For a long time, individual regional centres have been sheltered from the full brunt of the digital wave as slower internet access has meant that consumers are forced to use local suppliers, keeping spending, and hence income, within the community. However, faster, easier access to a wider range of suppliers not restricted by geography combined with the comparative lack of regulation and taxation has meant that many locally-based businesses have seen – and will continue to see – a decrease in business as it flows out of the community. The follow-on effect of this is that less money stays within the local communities, decreasing income, forcing consumers to become more frugal, forcing them more and more to seek out cheaper and cheaper online alternatives, which has the follow-on effect of forcing businesses with shrinking top lines to increase efficiency, tighten up their bottom lines and outsource work wherever possible to cheaper overseas alternatives. The result being that the very high-speed internet technologies that are meant to be increasing our standard of living and economic potential are, in fact, acting as high-speed pipelines, sucking the blood out of previously wealthy regional areas.
Globalisation, which was meant to be our friend, topping up our previously overflowing glasses has, in fact, levelled them with developing nations that do not have the same regulations and wages that developed nations do. The Miracle of the Han is fuelled by the bleeding of the west.
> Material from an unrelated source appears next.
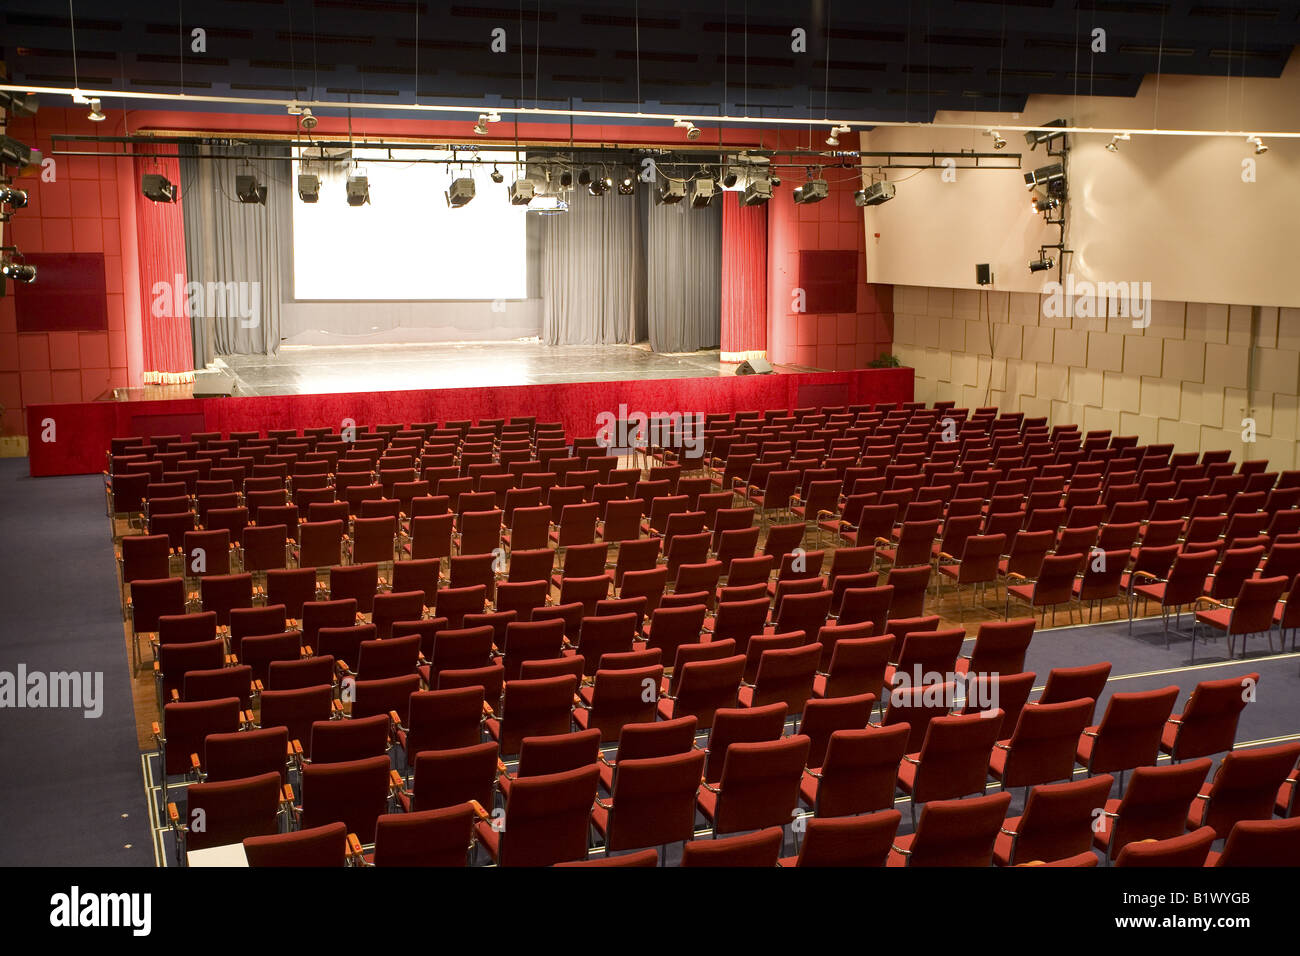 empty cinema auditorium Stock Photo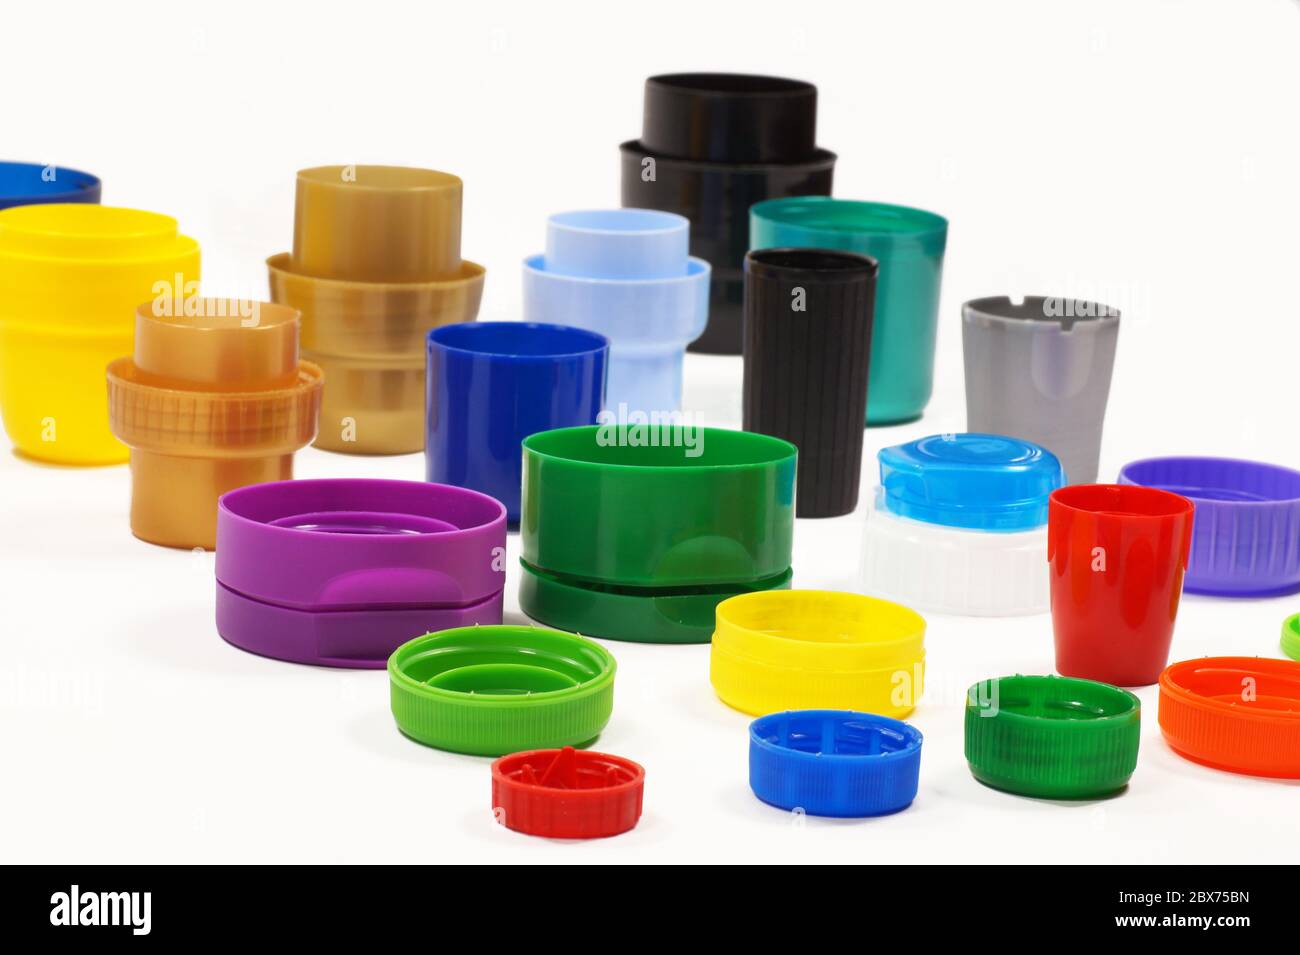 Contenitori Di Plastica Colorati Immagini e Fotos Stock - Alamy

Don’t get me wrong: there are benefits to these technologies. I, for one, would not be able to start and run my marketing business in a rural economy if it were not for the advantages made possible through the NBN. However, my story isn’t the norm and, as technology advances, it won’t be long before industries like medicine, law and surveying, which have been relatively sheltered from the effects of globalisation, start to feel the pain as decreasing incomes force consumers to look more and more for cheaper overseas alternatives and the high-speed virtual world makes this possible.
So, what can we do about it?
While many politicians around the world are rallying around the idea that the way forward is to be an “innovation-based economy”, there is only so far that can go. If nations continue to go down this line, with developing nations focusing on aggressive export-based markets, then unless we re-introduce protectionist policies, our nations will continue to bleed. However, if these developing nations start focusing on their own internal economies, then much of the destructive effects on developed nations can start to be reduced.
Short term, we need real government action behind supporting and promoting business. The most obvious way that this should take place is through small and medium business deregulation. In the long run, we need to be pressuring our trade partners to regulate in order to make the playing field just a little more even.